La diplomatie sans dissuasion n'apportera pas la paix dans l'est de la RDC
Aucun effort de médiation n'a défini les mesures incitatives qui permettraient d’aboutir à la désescalade du conflit, et encore moins à la paix.
Publié le 15 août 2025 dans
ISS Today
Par
Paul-Simon Handy
directeur régional pour l’Afrique de l’Est et représentant de l’ISS auprès de l’UA
La chute de Goma et de Bukavu, qui sont passées aux mains de l’Alliance fleuve Congo (AFC) / Mouvement du 23 mars (M23) et des forces rwandaises en début 2025, a déclenché une vague d’activité diplomatique dans toute la région des Grands Lacs.
En février, l'Union africaine (UA) a approuvé une proposition conjointe de la Communauté de développement de l'Afrique australe (SADC) et de la Communauté de l'Afrique de l'Est (CAE) visant à fusionner les processus de paix de Luanda et de Nairobi.
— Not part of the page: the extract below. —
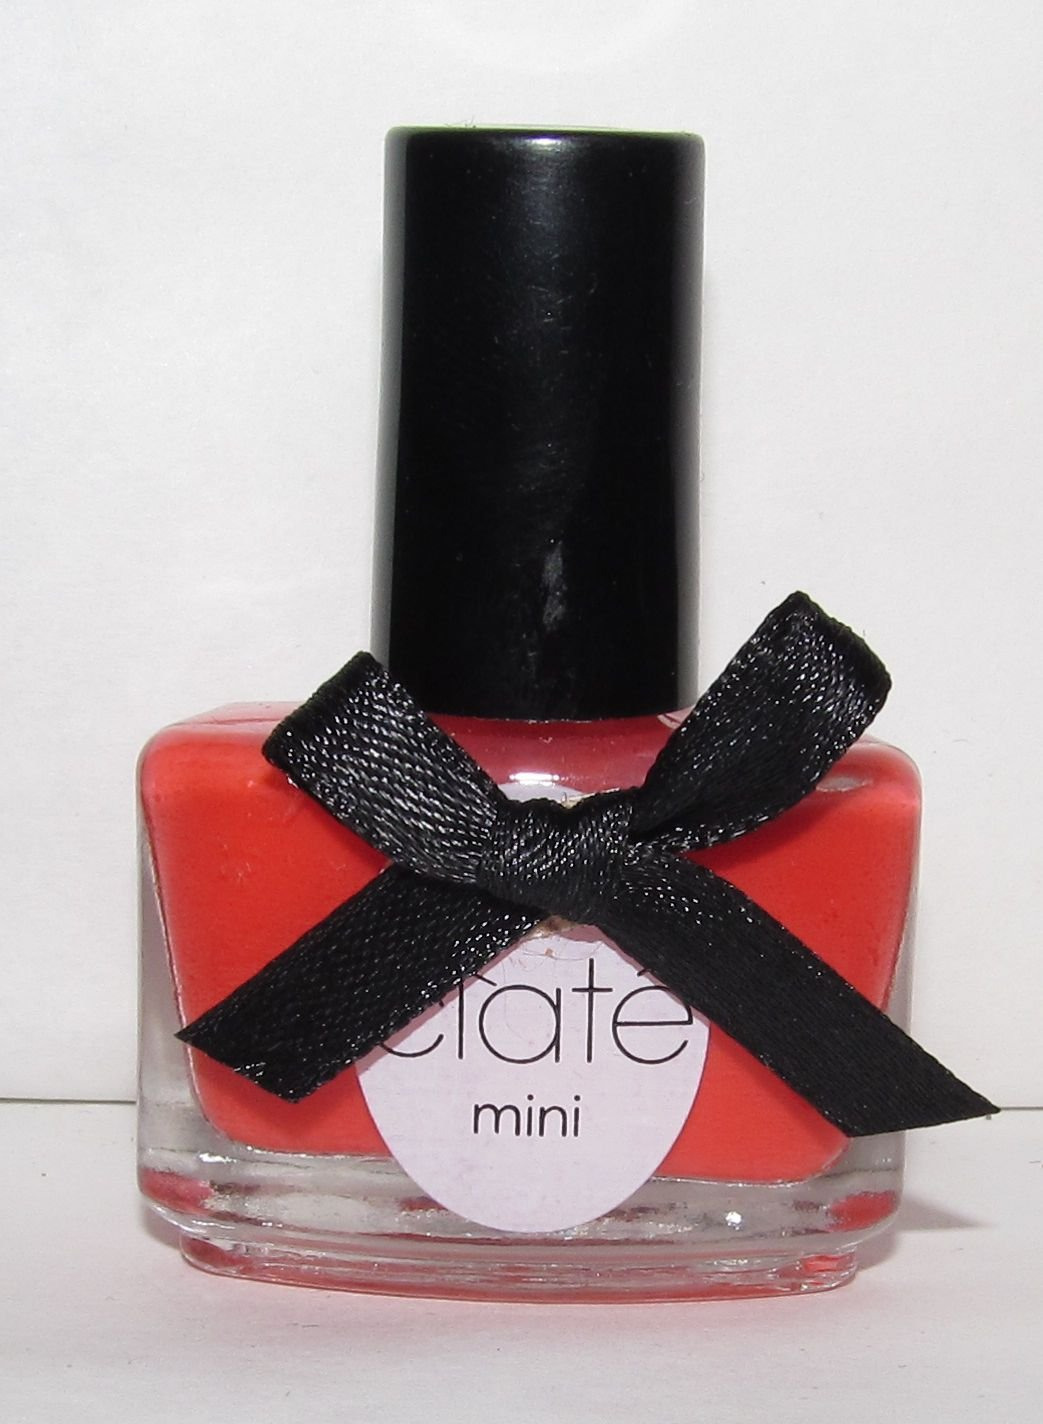 Ciate Nail Polish - speed dial 023 - mini bottle NEW

Toutefois, bien qu'elle ait été officialisée lors du sommet CAE-SADC du 1er août, cette « fusion » a été plus symbolique que réelle.
Alors que la République démocratique du Congo (RDC) parle d'« alignement », la CAE insiste sur le terme « fusion », une divergence sémantique qui masque une incohérence institutionnelle plus profonde. Il a notamment fallu beaucoup de temps pour établir une relation de travail efficace entre le médiateur nommé par l'UA, le président togolais Faure Gnassingbé, et le groupe de facilitateurs composé d'anciens dirigeants du Nigeria, du Kenya, du Botswana, de l'Éthiopie et de la République centrafricaine.
Dans le même temps, deux voies diplomatiques non africaines ont vu le jour. Les États-Unis ont facilité les négociations entre Kinshasa et Kigali, tandis que le Qatar a arrangé des discussions directes entre Kinshasa et le M23. Ces efforts ont abouti à une déclaration de principes à Doha et à un accord de paix officiel signé à Washington le 27 juin.
Malgré ces avancées diplomatiques apparentes, les affrontements armés persistent dans le Nord-Kivu, le Sud-Kivu et l'Ituri, ignorant les appels répétés à un cessez-le-feu. Le fossé entre le processus politique et la réalité militaire ne cesse de se creuser. Dans ces circonstances, une solution exclusivement politique semble peu susceptible de résoudre un conflit aux dimensions militaires, régionales et politiques si profondément enracinées.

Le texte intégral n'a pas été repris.